**What is needed:** Without including any images, output the listing below exactly.

**Information provided:**
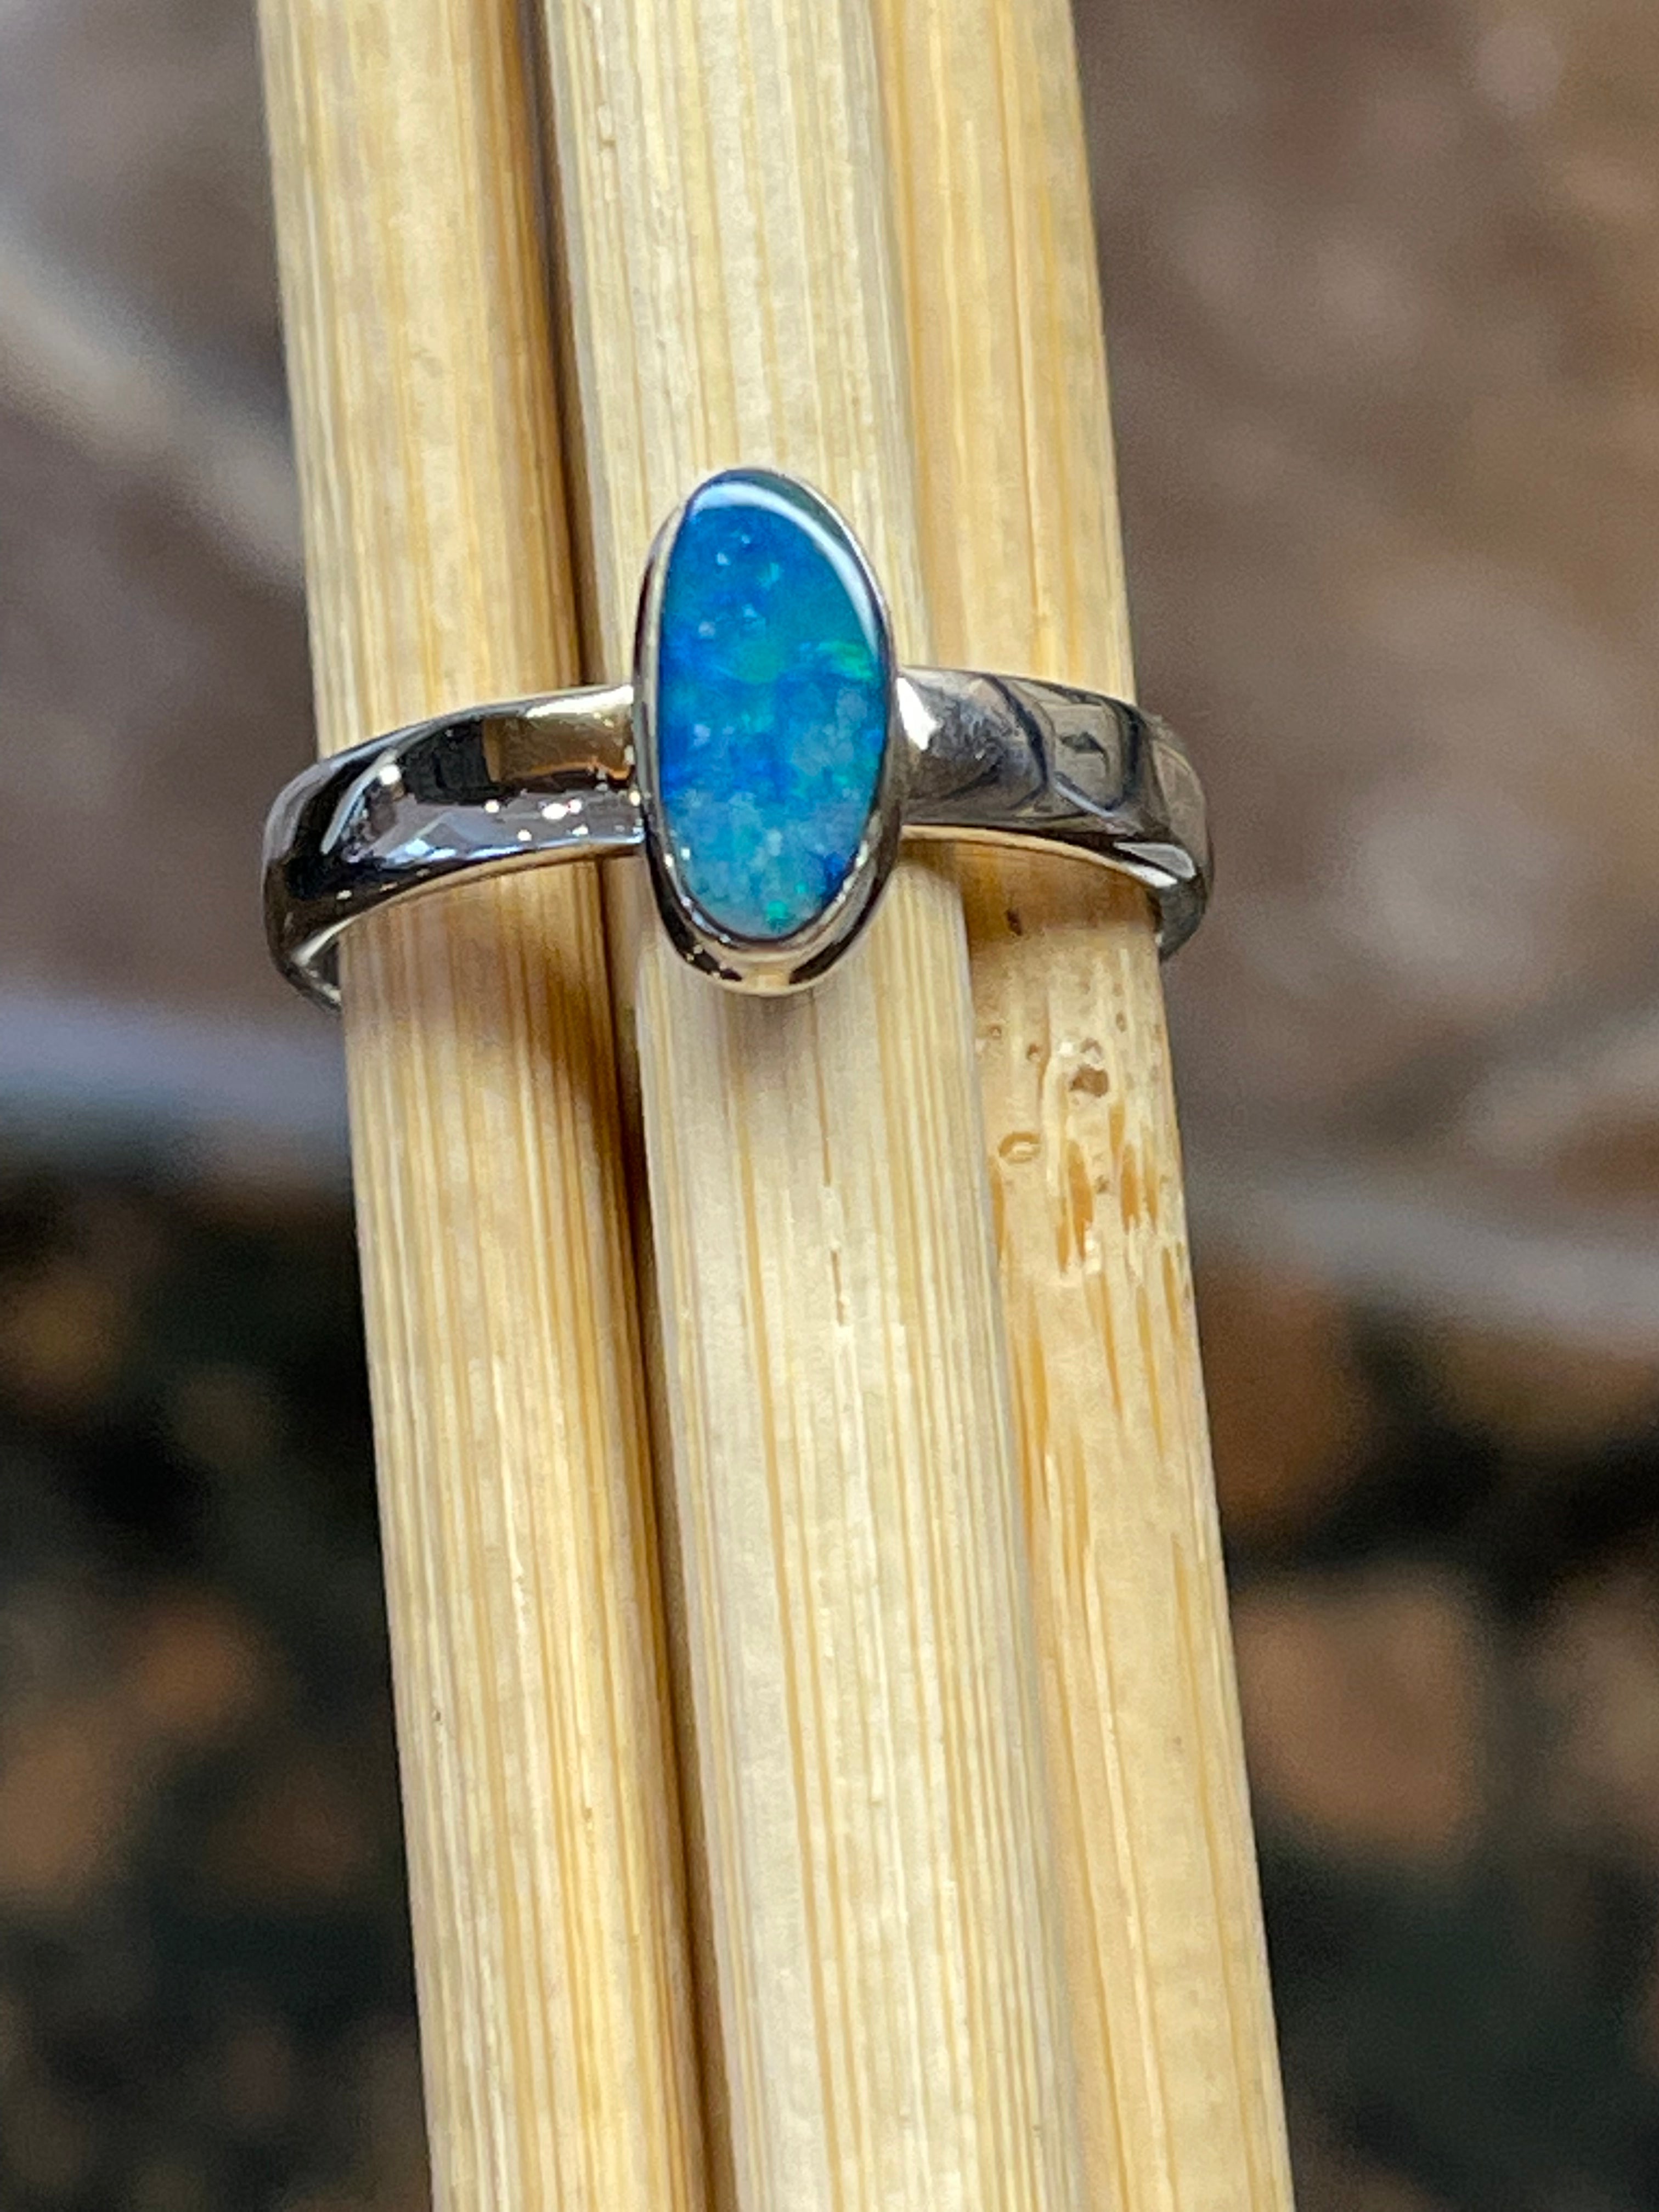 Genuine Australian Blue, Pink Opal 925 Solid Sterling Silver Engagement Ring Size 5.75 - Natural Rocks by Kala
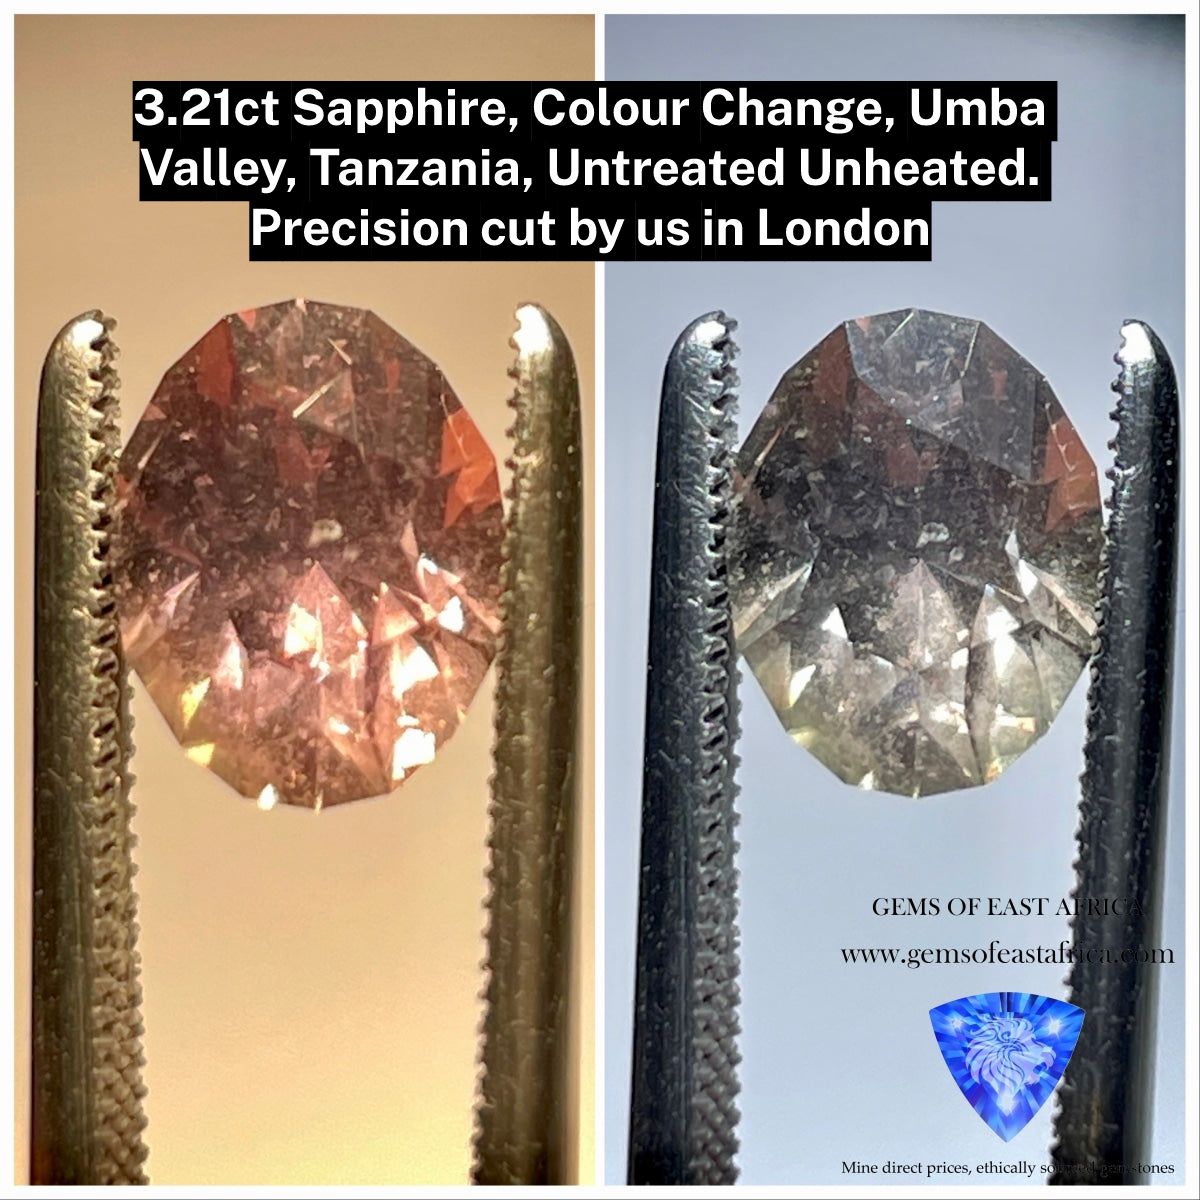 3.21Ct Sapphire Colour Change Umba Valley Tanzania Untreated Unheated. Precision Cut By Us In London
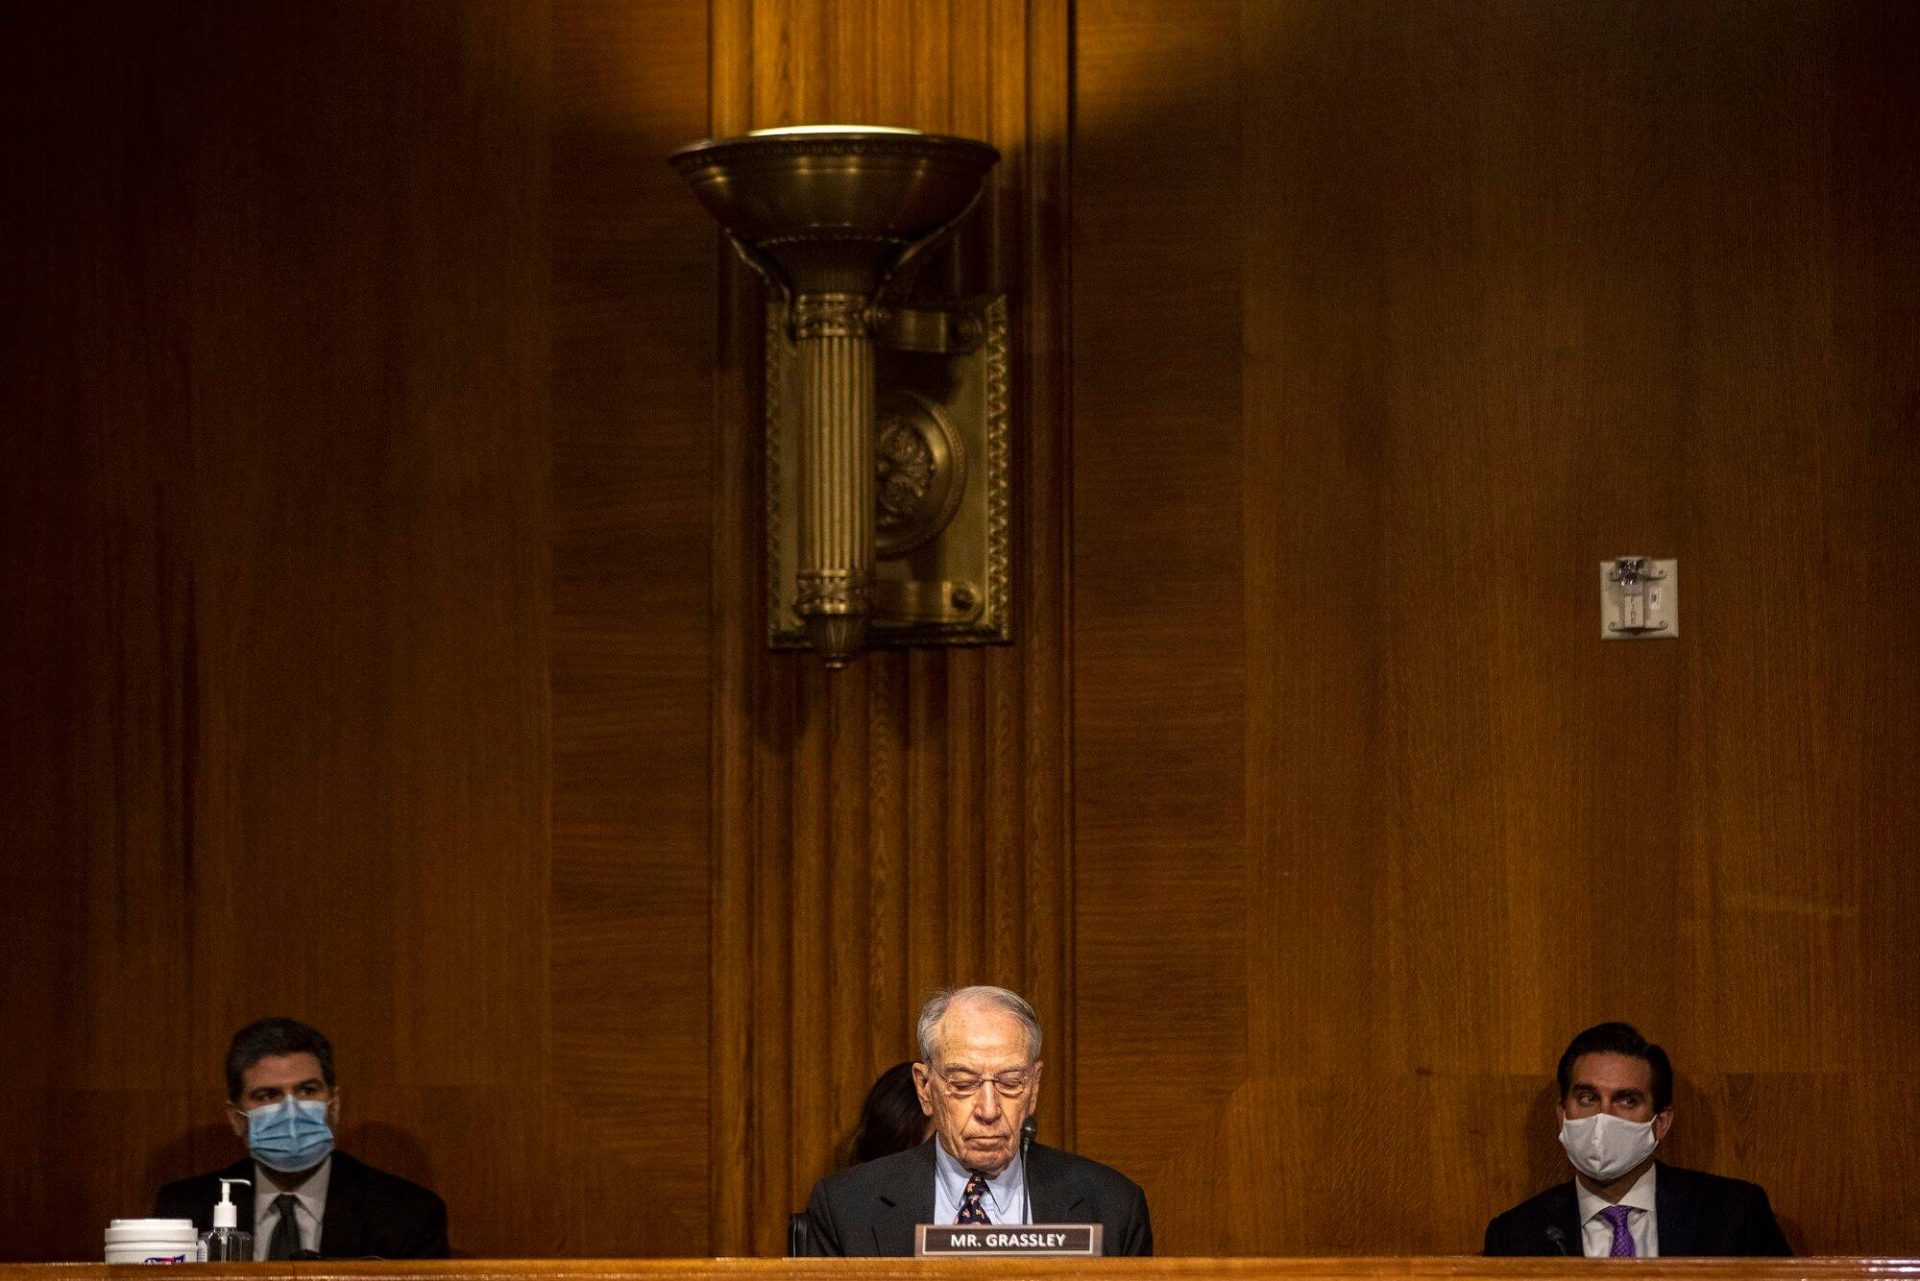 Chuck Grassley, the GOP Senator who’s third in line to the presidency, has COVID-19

**Output below:**
 Genuine Australian Blue, Pink Opal 925 Solid Sterling Silver Engagement Ring Size 5.75 - Natural Rocks by Kala
 3.21Ct Sapphire Colour Change Umba Valley Tanzania Untreated Unheated. Precision Cut By Us In London
 Chuck Grassley, the GOP Senator who’s third in line to the presidency, has COVID-19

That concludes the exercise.